▶ **YOUR OBJECTIVE**: This calls for a word-for-word copy of all the data, with each picture removed.

▶ **RECORDED INFORMATION**:
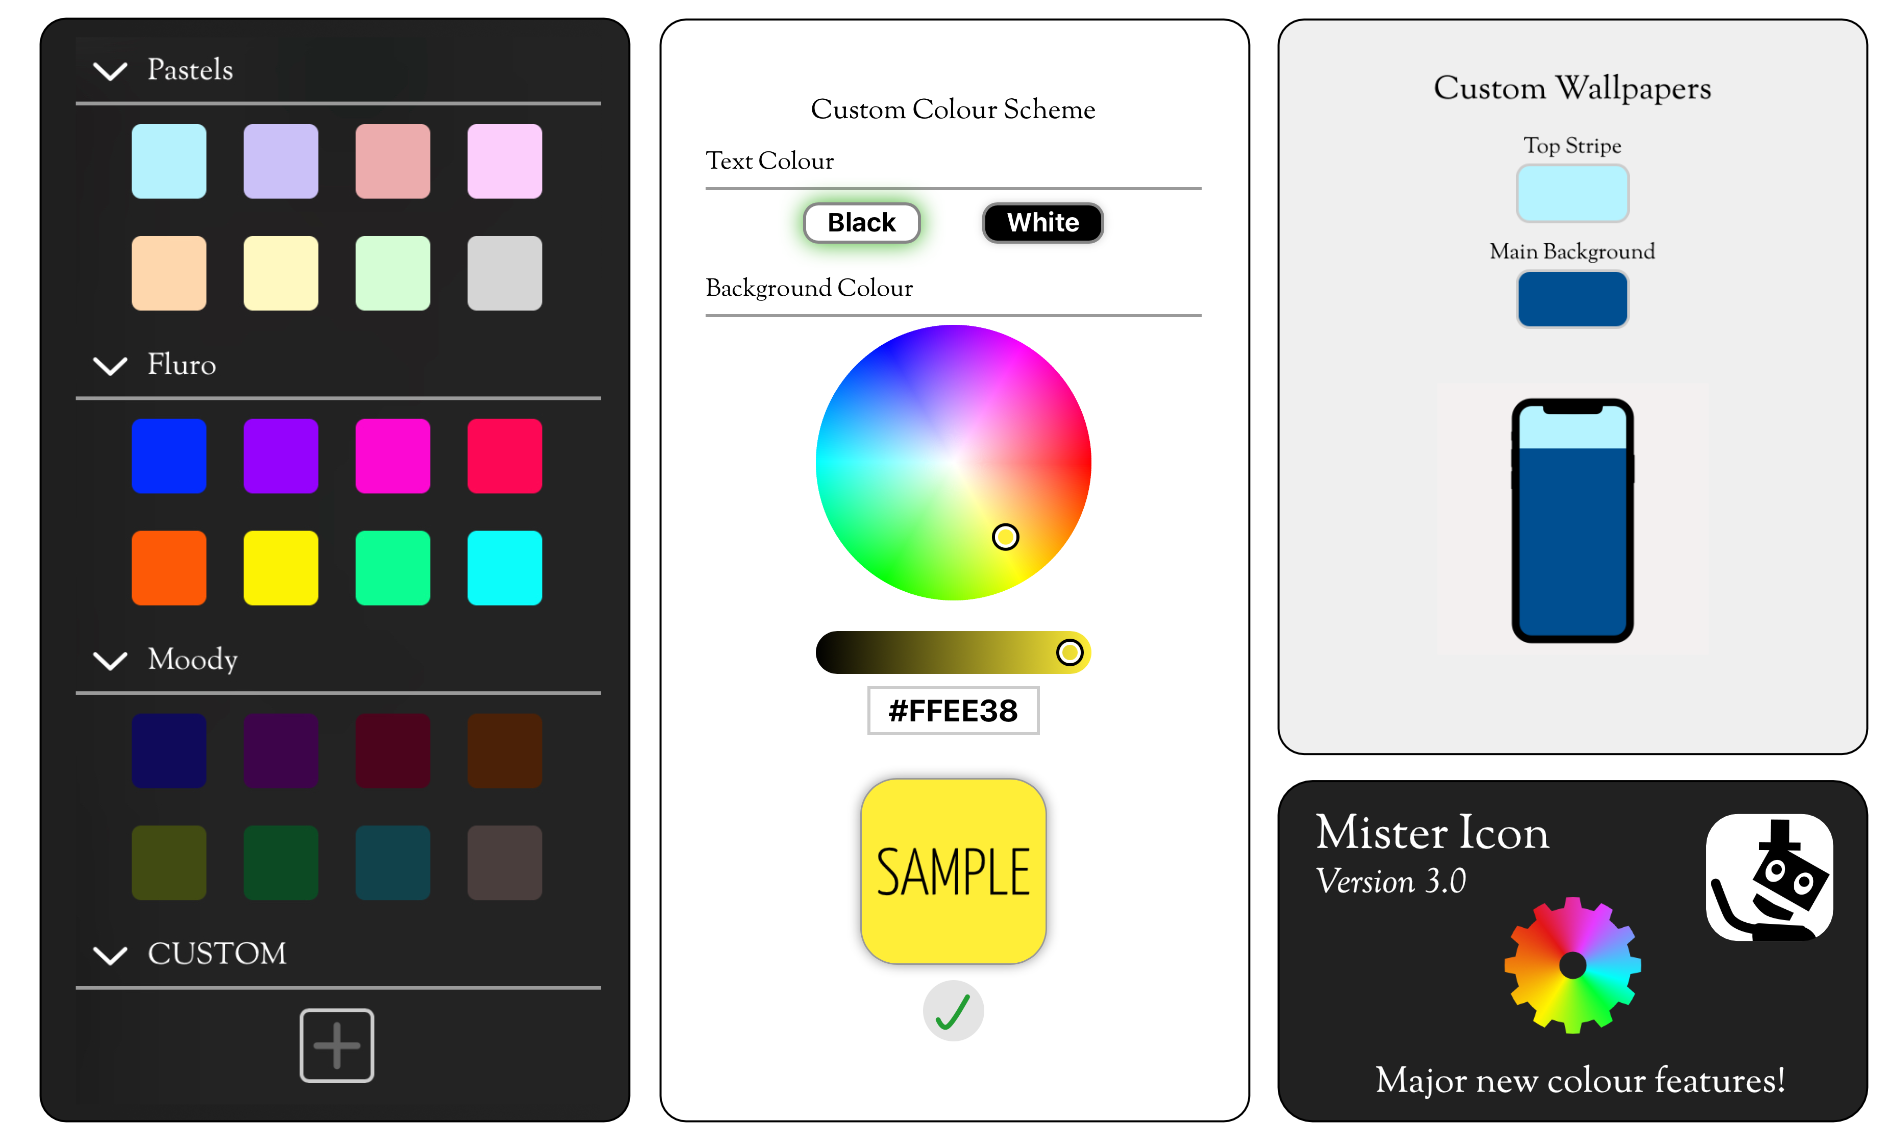 Mister Icon app version 3.0.0 - major new colour features
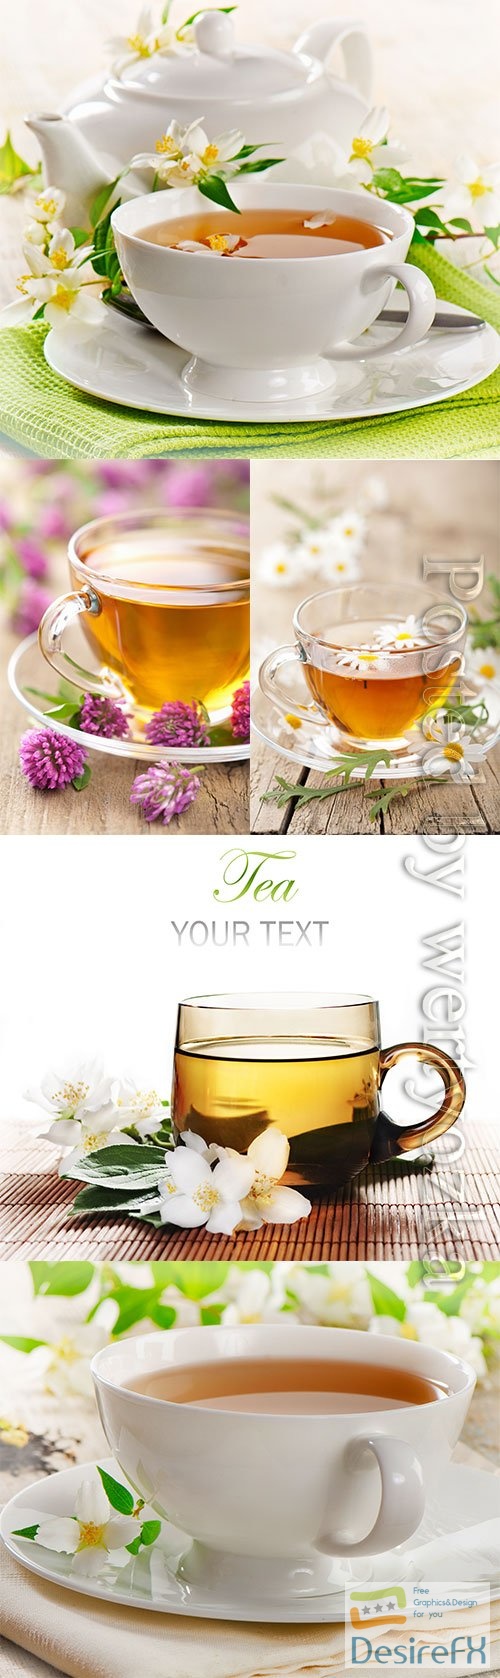 Fruit berry tea stock photo
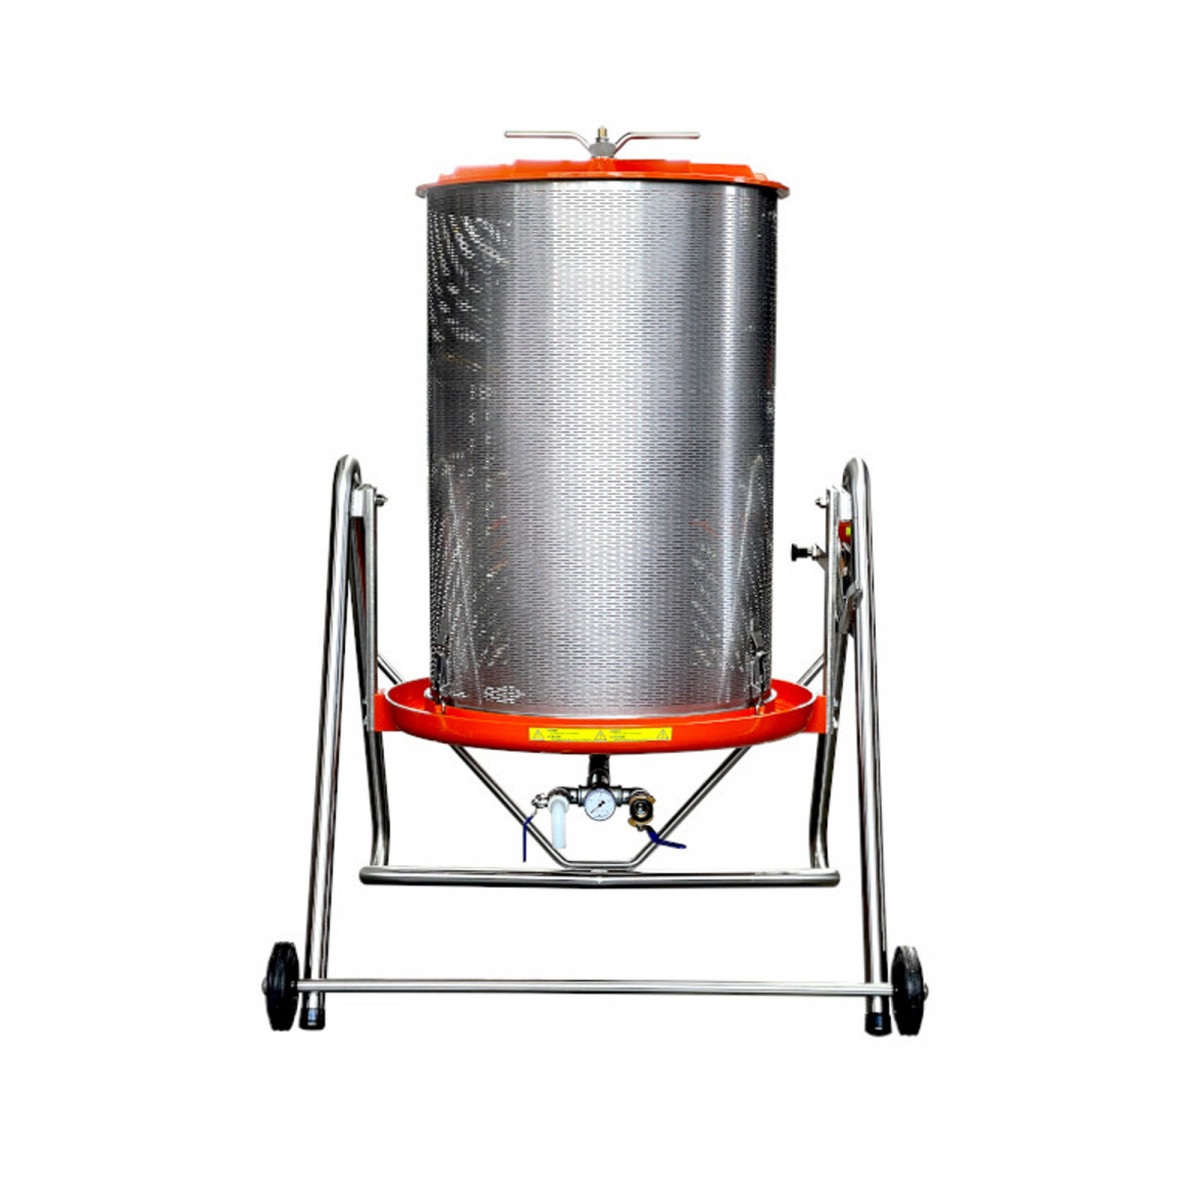 Speidel hydraulic press 180 l stainless steel basket + press bag

▶ **RESPONSE TO THIS EXERCISE**:
 Mister Icon app version 3.0.0 - major new colour features
 Fruit berry tea stock photo
 Speidel hydraulic press 180 l stainless steel basket + press bag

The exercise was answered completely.